基于遗憾探索的竞争网络强化学习智能推荐方法研究

摘要/Abstract

摘要： 近年来,深度强化学习在推荐系统中的应用受到了越来越多的关注。在已有研究的基础上提出了一种新的推荐模型RP-Dueling,该模型在深度强化学习Dueling-DQN的基础上加入了遗憾探索机制,使算法根据训练程度自适应地动态调整“探索-利用”占比。该算法实现了在拥有大规模状态空间的推荐系统中捕捉用户动态兴趣和对动作空间的充分探索。在多个数据集上进行测试,所提算法在MAE和RMSE两个评价指标上的最优平均结果分别达到了0.16和0.43,比目前的最优研究结果分别降低了0.48和0.56,实验结果表明所提模型优于目前已有的传统推荐模型和基于深度强化学习的推荐模型。
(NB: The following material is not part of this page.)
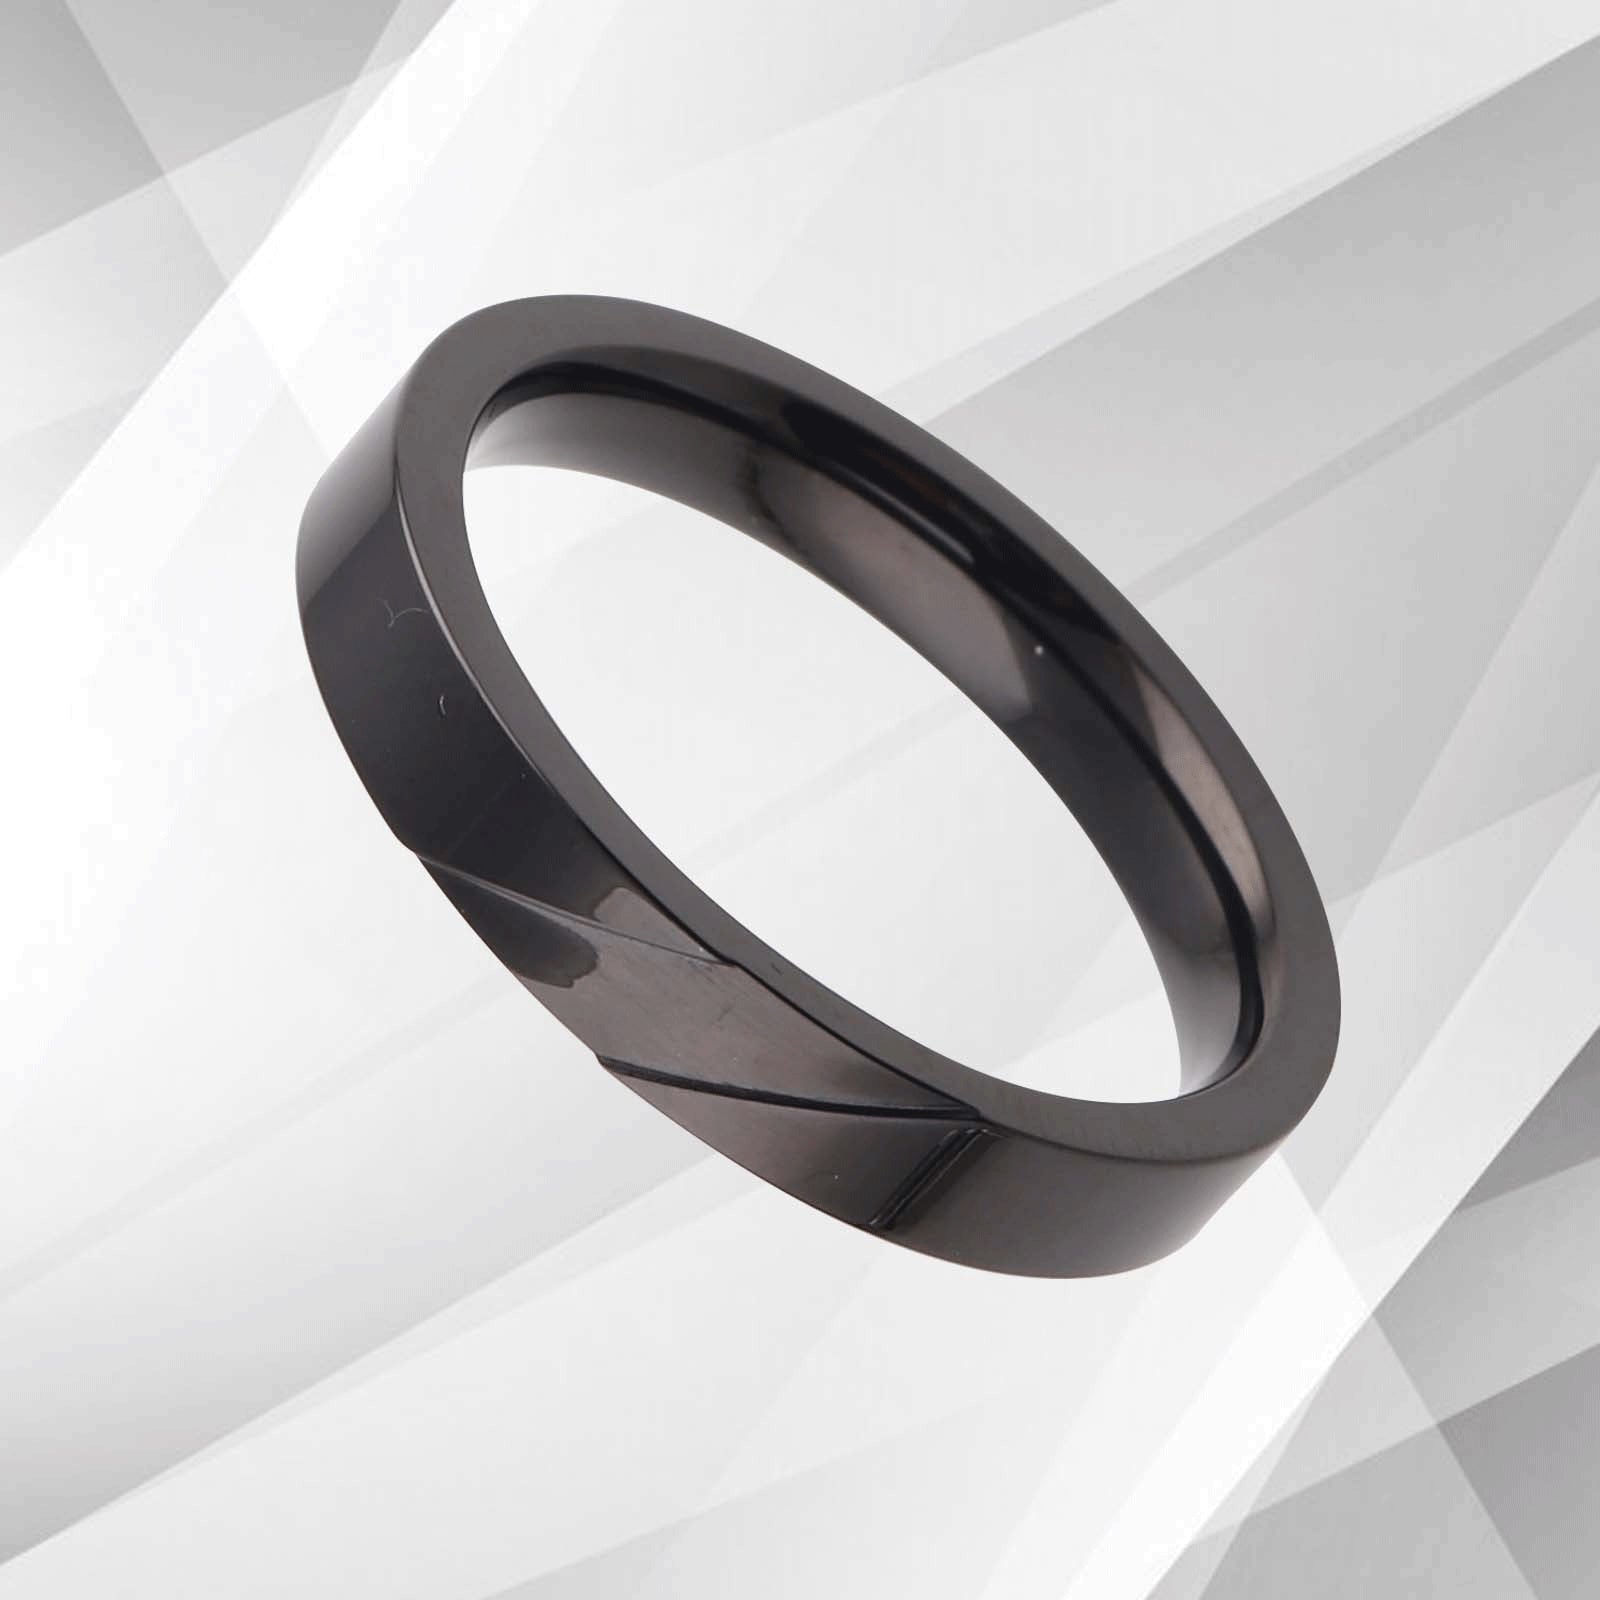 18Ct Black Gold Titanium Band Ring - Hypoallergenic, Handmade, Comfort Fit for Men's Wedding, Engagement, Anniversary Bijou Her

关键词: Dueling-DQN, RP-Dueling, 动态兴趣, 深度强化学习, 推荐系统, 遗憾探索

Abstract: In recent years,the application of deep reinforcement learning in recommendation system has attracted much attention.Based on the existing research,this paper proposes a new recommendation model RP-Dueling,which is based on the deep reinforcement learning Dueling-DQN algorithm,and adds the regret exploration mechanism to make the algorithm adaptively and dynamically adjust the proportion of “exploration-utilization” according to the training degree.The algorithm can capture users’ dynamic interest and fully explore the action space in the recommendation system with large-scale state space.By testing the proposed algorithm model on multiple data sets,the optimal average results of MAE and RMSE are 0.16 and 0.43 respectively,which are 0.48 and 0.56 higher than the current optimal research results.Experimental results show that the proposed model is superior to the existing traditional recommendation model and recommendation model based on deep reinforcement learning.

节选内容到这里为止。